Bastou uma noite. Dez horas, segundo a lenda, de discussões apaixonadas. Frente a frente. Olhos nos olhos. Che conta sobre a Guatemala e as suas indignações fundamentais; Fidel apresenta-lhe Cuba e a sua luta final. O argentino fica imediatamente impressionado por esse "homem excepcional". Castro vê um ideólogo convicto, radical, sem limites, de uma integridade fora do comum, quase cruel. Che quer mudar o mundo, Fidel propõe começar pelo seu país. É um amor à primeira vista revolucionário. Cada um encontra o que procura. O primeiro paira num romantismo desmedido que sonha em aterrar. O segundo tem os pés bem assentes num pragmatismo astuto, e sonha com inspiração para finalmente se erguer. 

Ao amanhecer, Fidel junta-se aos seus: "Camaradas, está feito: encontrei um médico para a nossa expedição." A guerrilha começa ali, no dia seguinte a essa noite febril, nas campanhas mexicanas até ao final de 1956. O Movimento 26 de Julho treina no manejo de armas.
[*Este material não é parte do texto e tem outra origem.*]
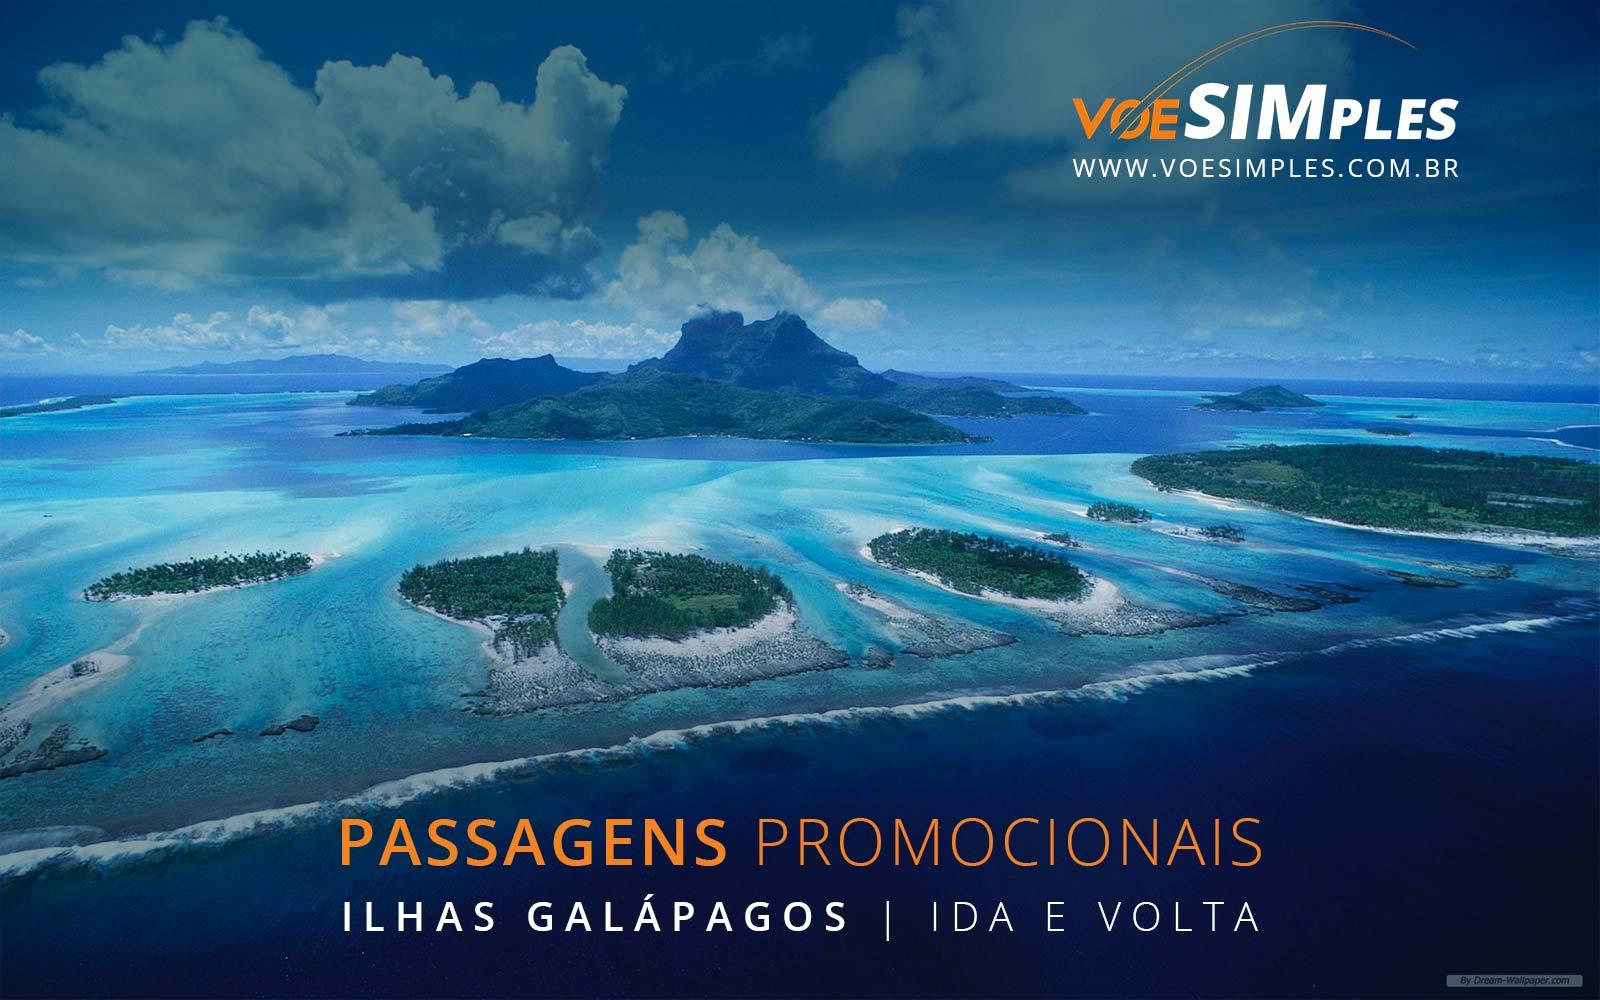 Passagens aéreas promocionais para as Ilhas Galápagos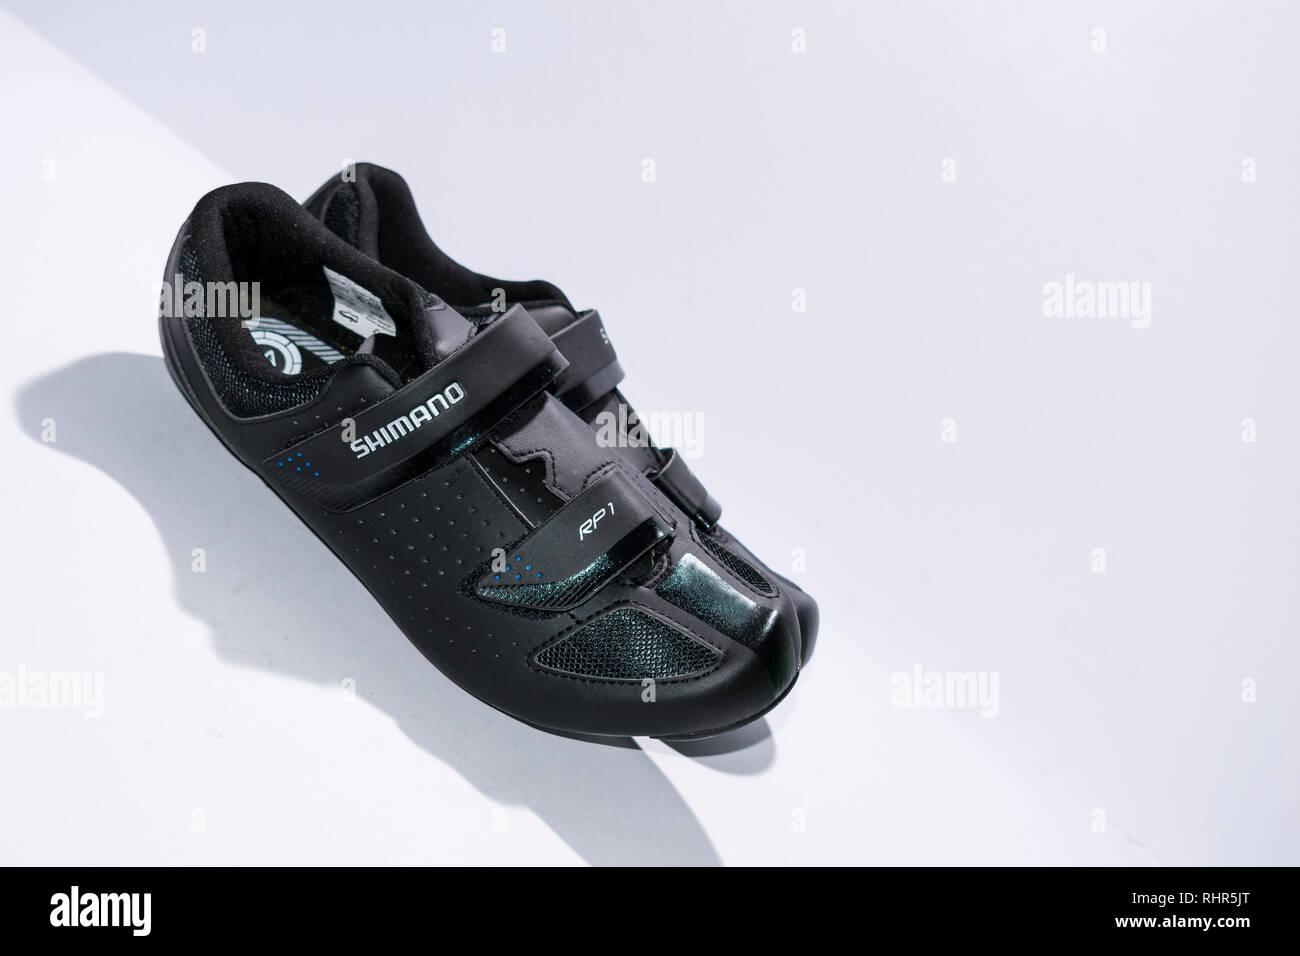 Shimano RP1 Cycling shoes - Stock Image

A travessia está a ser preparada. Fidel faz viagens de ida e volta aos Estados Unidos para angariar fundos, preparar o Granma, o barco que comprou e que deve navegar até Cuba. De volta ao acampamento, é um irmão mais velho impressionado pela abnegação e resistência do seu recruta argentino. O médico já é um soldado exemplar, tão determinado quanto as suas ideias são firmes. O seu movimento preocupa a polícia mexicana que os prende. 

Fidel e Che encontram-se na mesma cela, condenados a ruminar os seus planos para derrubar Batista, libertar a ilha das Caraíbas, talvez até salvar o mundo. As suas ideias escapam-se entre as paredes sujas de uma sala ladrilhada, sentados em simples camas de ferro. O cubano é libertado primeiro, considerado menos perigoso ideologicamente. Quando veste o casaco do seu fato demasiado largo, Guevara, de tronco nu e cinto desapertado, diz-lhe para não o esperar para zarpar. O outro vira-se: "Não te abandonarei."

PRIMEIRAS DESAVENÇAS DISCRETAS

O resto é mais conhecido, todo de fardas caqui e rostos barbudos. Primeiro há o naufrágio, no sul de Cuba, numa noite de dezembro de 1956. A lenta progressão nos pântanos onde assobiam as balas dos homens de Batista. Ali, Che teria finalizado a sua vocação de guerreiro. Perdendo um camarada, forçado a escolher entre uma caixa de medicamentos e outra de munições. O juramento de Hipócrates ficou preso na lama. Depois começa a lenda da Sierra Maestra: a de um grupo dizimado de uma dezena de homens que vai, em breve, reunir todos os oprimidos pelo capitalismo selvagem imposto por um ditador militar. 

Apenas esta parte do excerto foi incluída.